Bedrock infiltration estimates from a catchment water storage-based modeling approach in the rain snow transition zone

- We estimate bedrock infiltration from a catchment in the rain-snow transition zone.
- Our combined field and modeling approach focuses on catchment water storage.
- A physically based snow model is loosely coupled to a capacitance based soil model.
- Peaks in soil drainage and bedrock infiltration coincide with rain on snow events.
- Southwest soils drain more often. Northeast soils contribute more total drainage.

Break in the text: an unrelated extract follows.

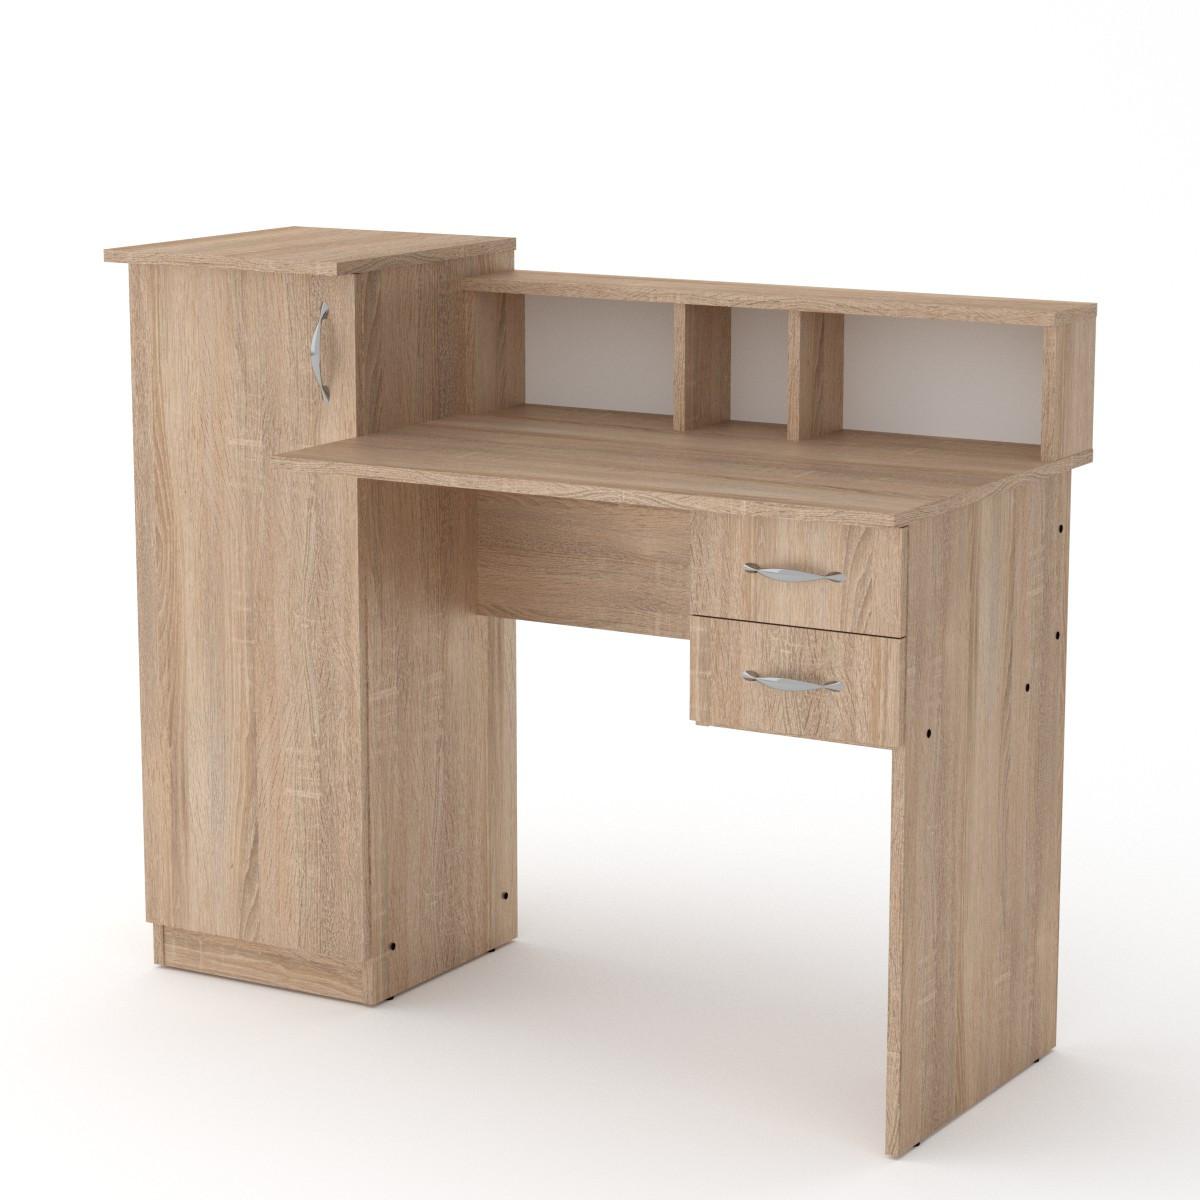 Стол письменный пи пи-1 дуб сонома Компанит (118х55х96 см)

SummaryEstimates of bedrock infiltration from mountain catchments in the western U.S. are essential to water resource managers because they provide an estimate of mountain block recharge to regional aquifers. On smaller scales, bedrock infiltration is an important term in water mass balance studies, which attempt to estimate hydrologic states and fluxes in watersheds with fractured or transmissive bedrock. We estimate the a daily time series of bedrock infiltration in a small catchment in the rain snow transition zone in southwest Idaho, using the difference between measured stream discharge and modeled soil drainage. The accuracy of spatial patterns in soil water storage are optimized, rather than the more common approach of minimizing error in integrated quantities such as streamflow. Bedrock infiltration is estimated to be 289 mm ± 50 mm for the 2011 water year, which is 34% ± 12% of the precipitation (95% confidence). Soils on the southwest facing slope drain more often throughout the snow season, but the northeast facing slope contributes more total soil drainage for the water year. Peaks in catchment soil drainage and bedrock infiltration coincide with rain on snow events.